Jika sudah begini, mustahil membersihkan lantai kotor dengan sapu kotor. Sistem yang gagal akan terus menghianati keadilan itu sendiri tanpa menghadirkan perbaikan. Karena itu dibutuhkan perubahan paradigma kehidupan, kemudian mencari alternatif yang merujuk sesuatu yang benar dan teruji.

Keadilan Hakiki dengan Islam

Agama Islam diturunkan oleh Allah SWT untuk mewujudkan kemaslahatan hidup manusia secara individual maupun masyarakat dengan hukum-hukumnya yang ideal. Hukum Islam tidak  membedakan keadaan sosial masyarakat, apapun perkaranya akan dihukumi sesuai syariat Islam. 

Perintah berbuat adil dan menegakan kebenaran sebagaimana dalam firman-Nya, "Sesungguhnya Allah menyuruh kamu menyampaikan amanat kepada yang berhak menerimanya, dan (menyuruh kamu) apabila menetapkan hukum diantara manusia supaya kamu menetapkan dengan adil.” (Q.S. An-Nisa [4]: 58)

Dalam sistem pemerintahan Islam, hukum harus merujuk pada al-Qur’an dan as-Sunnah, sehingga manusia tidak bisa megubahnya sesuai kehendak. Gambaran keadilan yang terpancar dari syariat Islam adalah tidak adanya istilah kebal hukum, semua diperlakukan sama sebagai warga negara. 

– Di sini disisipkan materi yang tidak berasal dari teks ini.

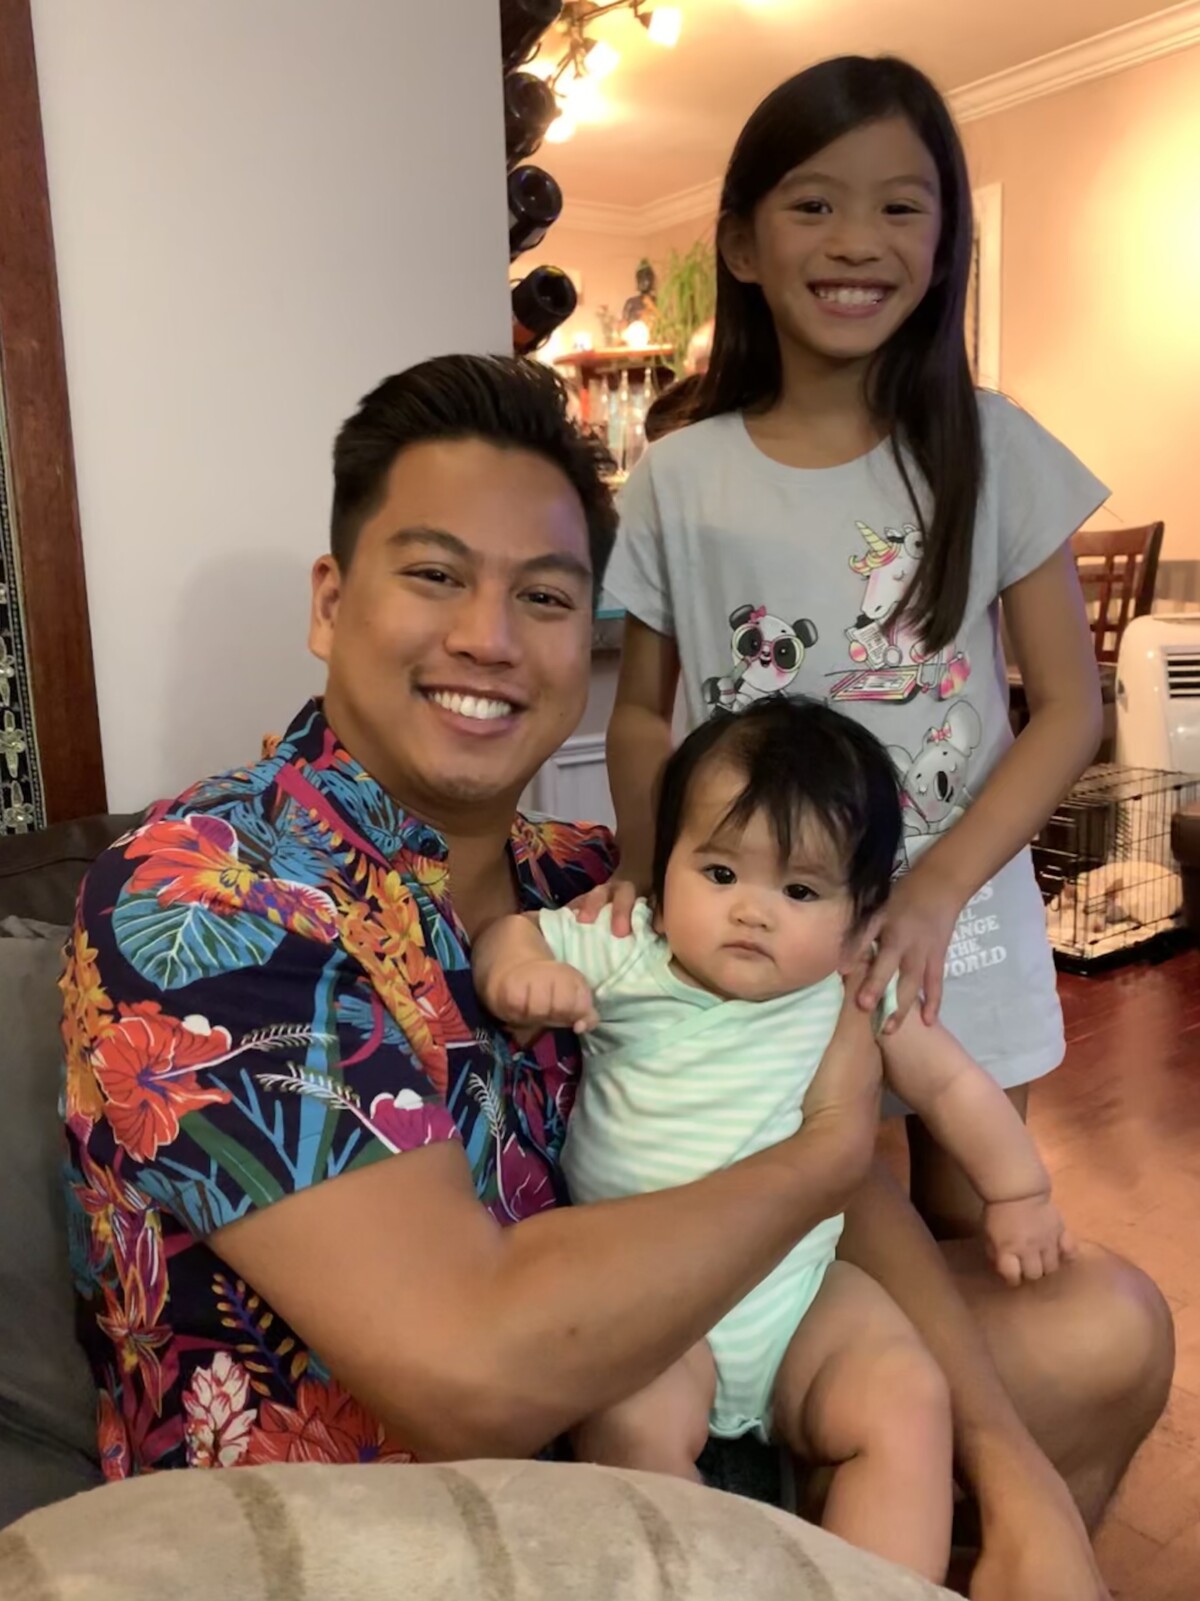 Richie with our nieces, Kaydence & Leilani.

Begitu pula ketika melakukan pelanggaran syariat secara nyata, sanksi diberlakukan sama tanpa memandang kawan atau lawan. Sanksi ini memberi efek jera bagi  pelaku pelanggaran, sehingga tidak timbul kekacauan di tengah masyarakat akibat kecemburuan sosial maupun hal lainnya.

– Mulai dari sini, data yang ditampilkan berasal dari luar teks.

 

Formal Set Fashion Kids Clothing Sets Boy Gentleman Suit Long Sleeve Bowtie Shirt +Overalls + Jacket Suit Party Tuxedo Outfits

Penegakan keadilan adalah keharusan yang wajib dilaksanakan, bukan berbuat dzalim seenaknya. Keadilan Islam menciptakan kedamaian dan kebahagiaan hingga kebaikan senantiasa menyertai kehidupan manusia. 

Untuk itu, sudah saatnya kita memperjuangkan Islam agar tidak lagi merasakan ketidakadilan produk manusia yang tidak amanah. Dengan tegaknya Islam, akan tercipta kedamaian dan kesejahteraan yang sempurna. Wallahu a’lam bi shawwab.